Well that depends on the quality of the burette and your technique. The "problem" with a burette is that the marking will be linear whereas the burette's diameter might not be constant.

I think that the burettes I last used were marked at the 0.05 ml mark, but you estimated between the marks. So you recorded to the 0.01 ml amount. It was easy to get at least ±0.02 ml on average for a reading.


I think the ±0.05 ml notion is from 20 drops to the ml. But you can dispense part of a drop by touching the inside of the flask to the tip of the burette.


if I get values such as 14.2 ml, 14.3 ml, 14.2 ml

Then you average and use the values calculated for the mean and the standard deviation of the measurements themselves. It is a "sanity check" to consider the precision of the titration procedure itself.

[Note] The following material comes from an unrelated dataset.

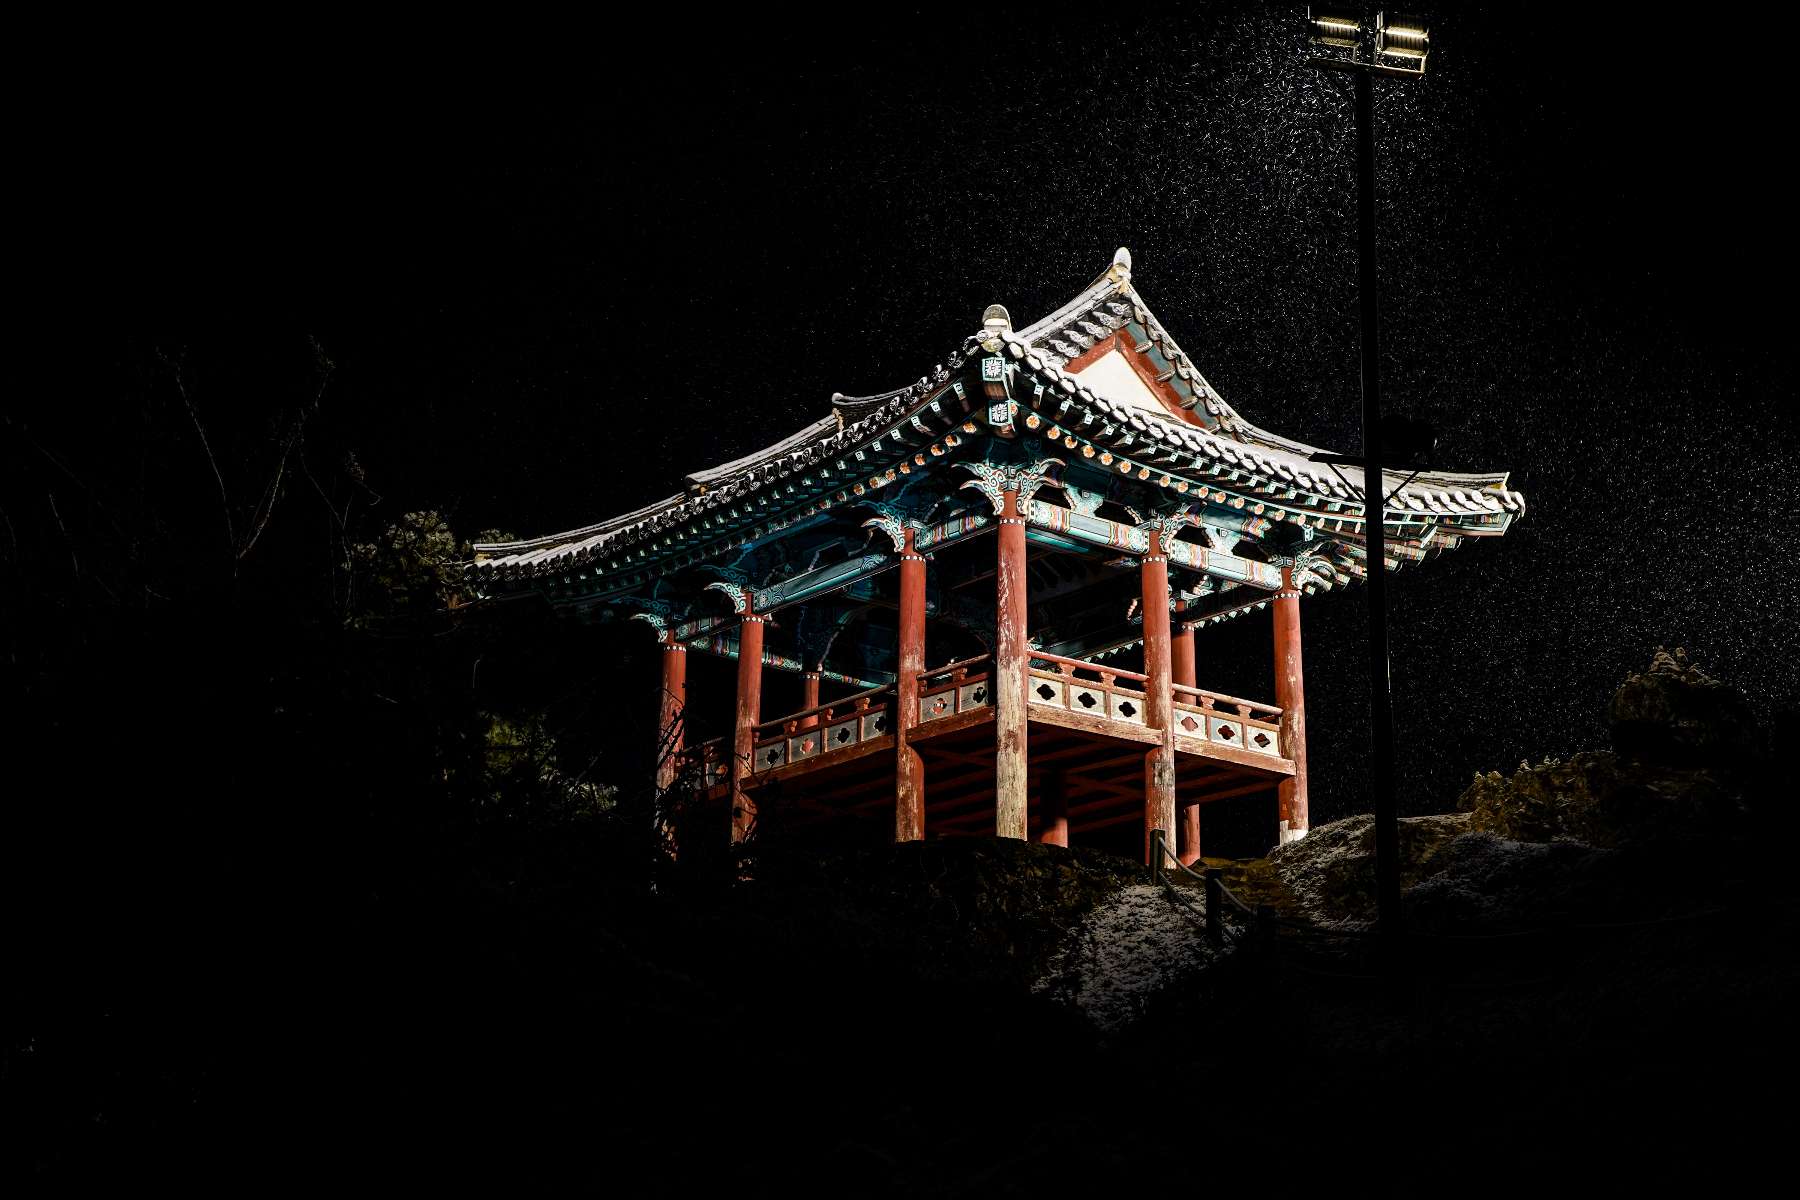 a traditional structure in south korea in the dark being coated in snow

I suspect that your "problem" is that you're not carrying enough significant figures through your calculations. You only round on the the final results.

So start at 6.72 ml end at 20.92 yields 14.20 ml, not 14.2 ml.


If you get 14.20 ml, 14.20 ml, and 14.20 ml then I'd strongly suspect that your assertion that the precision of the titration is 0.07% is wrong.


The first titration I every did was with potassium permanganate to determine the equivalent weight of an unknown oxalate compound. My titration technique was horrible and I didn't have enough sample left to do more titrations. But I knew few oxalates were soluble, and the sample I had was obviously crystalline. So I did some quick cation tests and found that the cation was NH4+ which has two waters. The prof wanted how I got the right answer to four significant figures with such a poor technique.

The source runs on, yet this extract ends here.